In previous articles on organizing data in the form of a rubricator ( Using a graph as a basis for creating a rubricator and Problems underlying any creator of rubricators ), general ideas on organizing a rubricator were described. In this article I will describe one of the possible algorithms for automatically determining the subject of the text on the basis of a previously prepared graph-rubricator. At the same time, I consciously avoid complex formulas in order to convey the idea underlying the algorithm as simply as possible.

Preparation of rubricator data


To begin with, we will decide on the form in which we will prepare the data for the rubricator.

The last paragraph needs a little explanation. The independence of the definition of the subject matter of the text is very good when no subsequent sorting of results is required. When texts are simply classified or not. But if there are several texts in the rubric, it will probably be necessary to sort them by the criterion of the best hit in the rubric. In this article, this question is omitted for clarity.

Algorithm for determining the subject of the text, briefly


We describe the rubricator. We extract from the text under study the keywords described in the rubricator. As a result of the extraction, we get pieces of a broken and most often disconnected graph. We use a wave (or any other, if desired) algorithm to “pull out” the extracted pieces of the graph to the top of “everything”. We analyze and display the results.

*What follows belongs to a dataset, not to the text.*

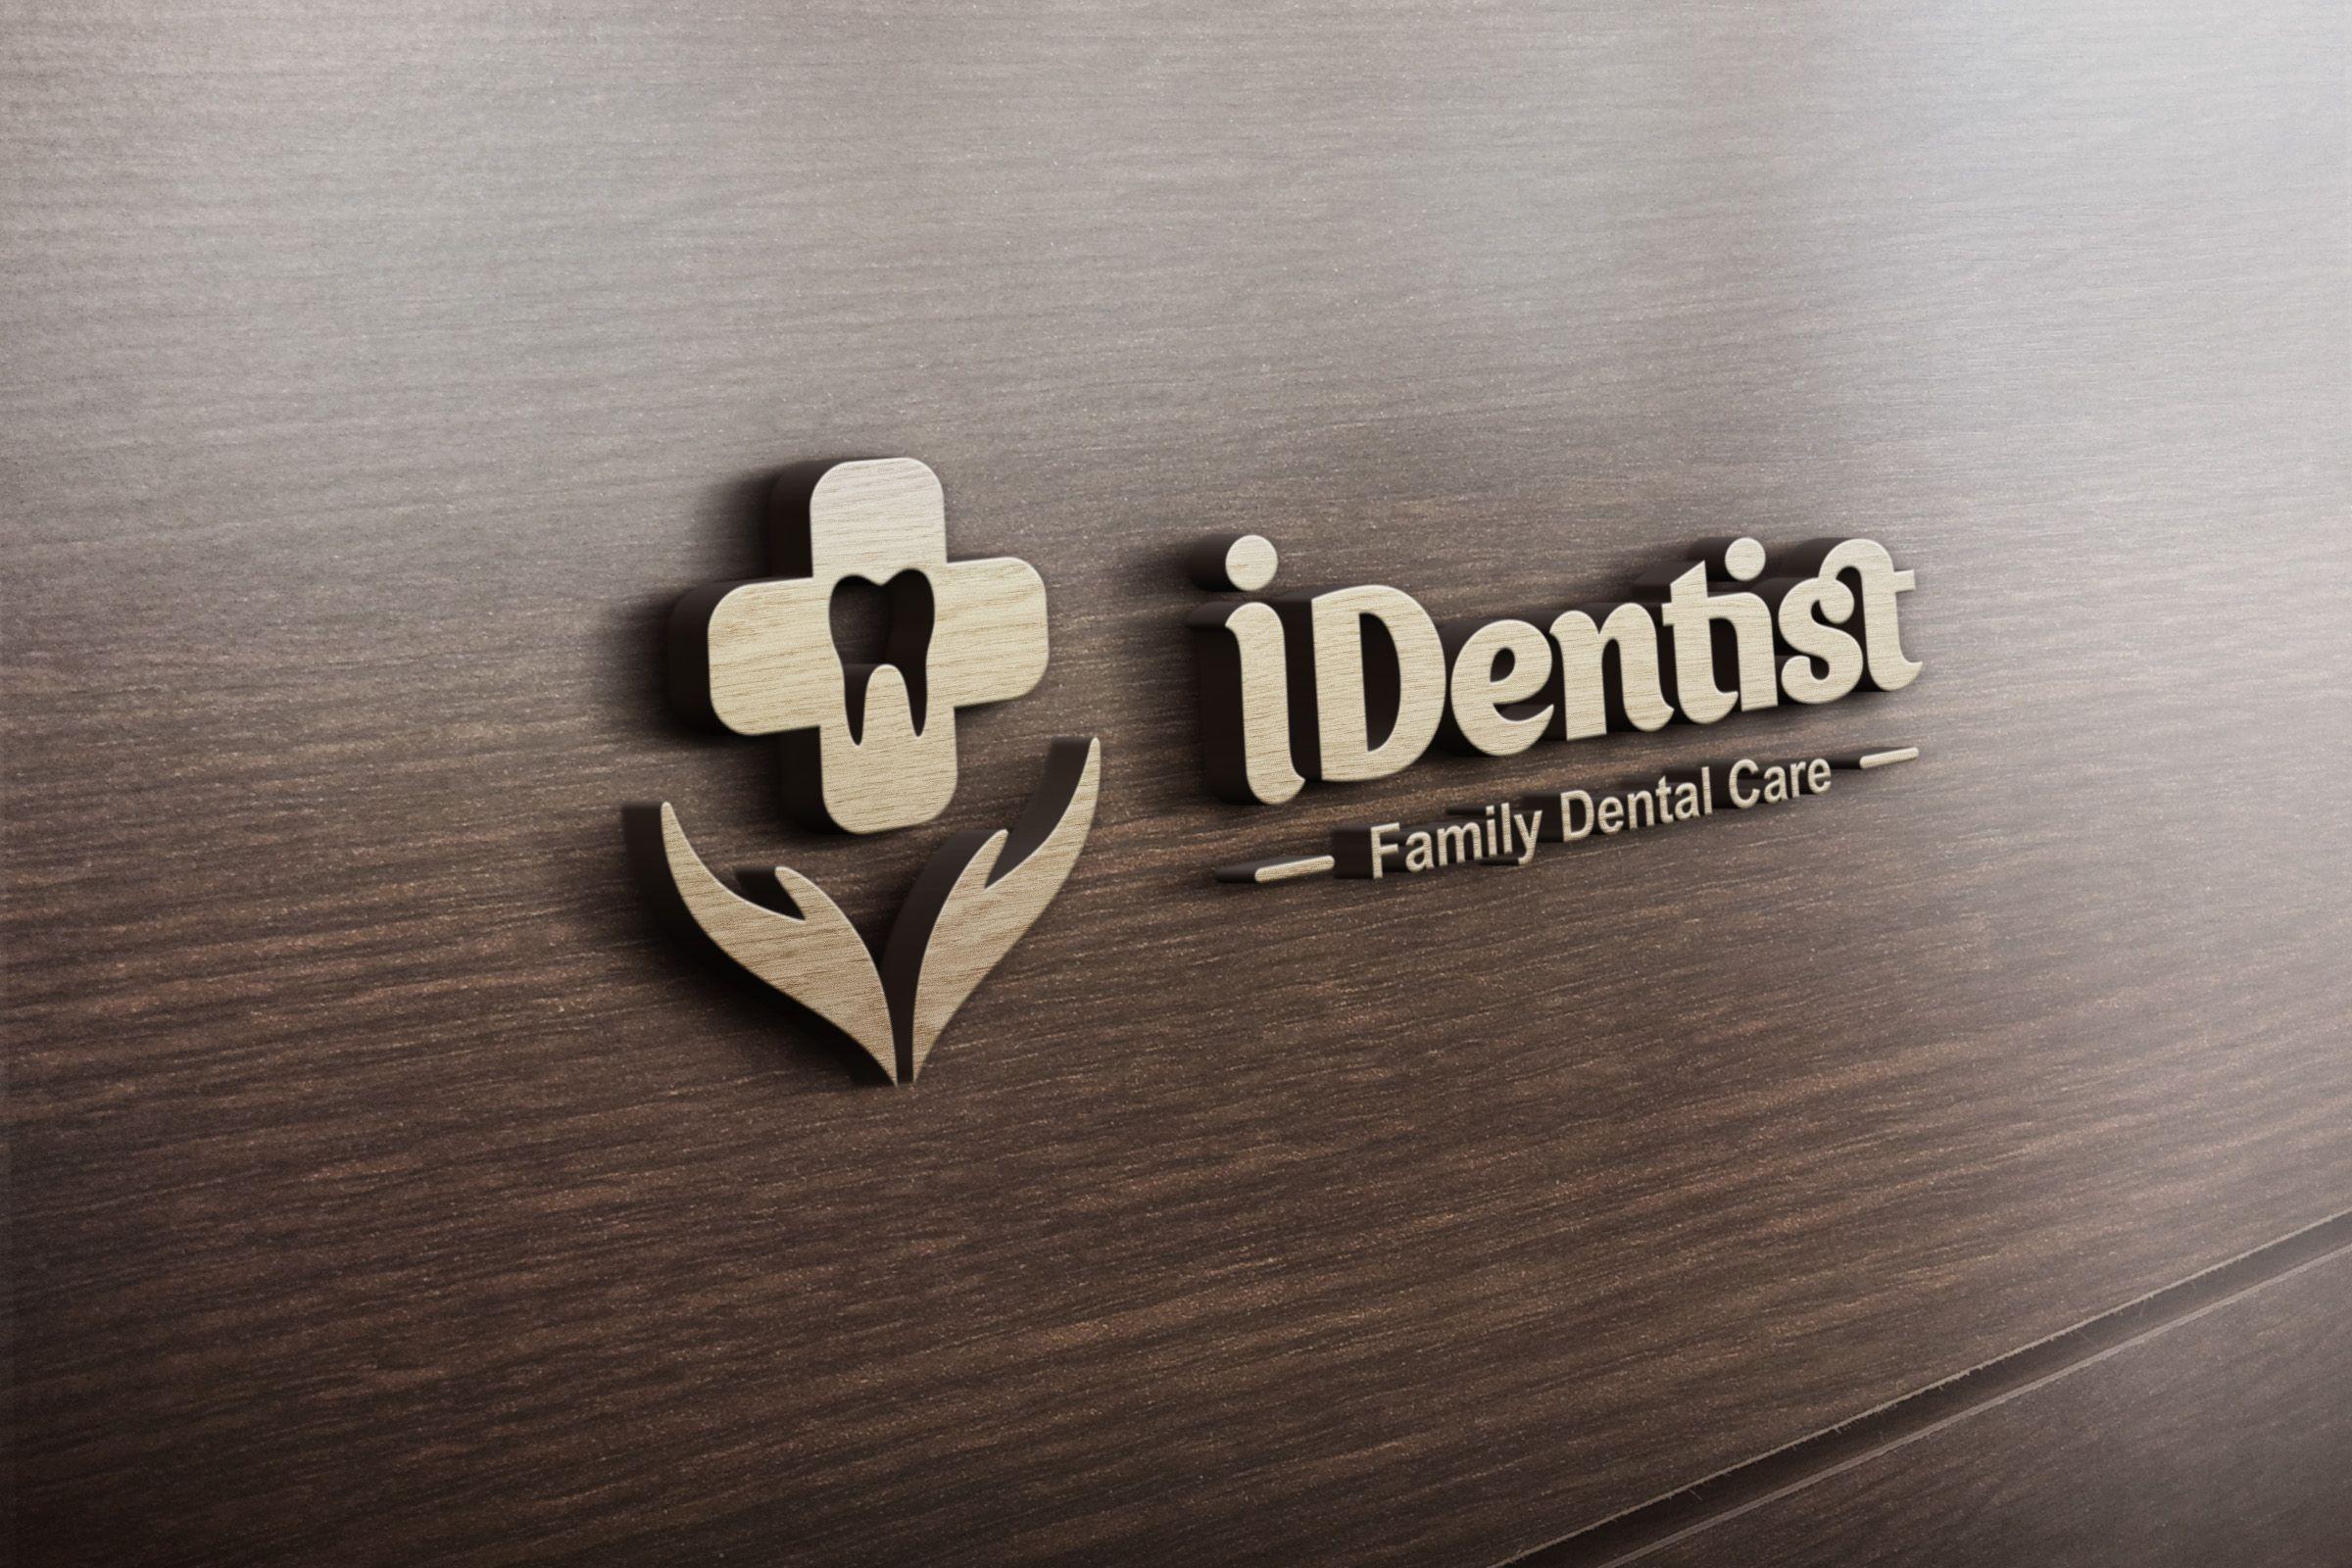 A family dental clinics logo @Tangsel | Hanya Hoby | Pinterest

Algorithm for determining the subject of the text, in detail


The creation of the rubricator has been described in detail in previous articles. At this stage, we believe that we have a lined graph rubricator, the leaf elements of which contain keywords, and the nodal rubrics.
We search the entire set of keywords of the rubricator in the text under study. Since there are many words that need to be found, I recommend for a specific implementation to refer to the algorithms for quickly finding arrays of strings in the text. For starters give links to the most popular of them:
Aho - Corasic Algorithm
The algorithm is characterized by a rather complex logic of building a tree and processing "returns", there are many examples of implementation. On Habré was a good description of this algorithm .
Rabin-Karp algorithm. A distinctive feature of the algorithm is effective work with very large sets of words.
In principle, reading the descriptions of the two proposed above algorithms, it is easy to come up with their own implementation based on them, which can take into account some additional conditions. For example, the requirement of case sensitivity to text, morphology, etc.
After the key words used in the description of the rubricator are extracted from the text under study, you can proceed directly to the definition of the subject of the text.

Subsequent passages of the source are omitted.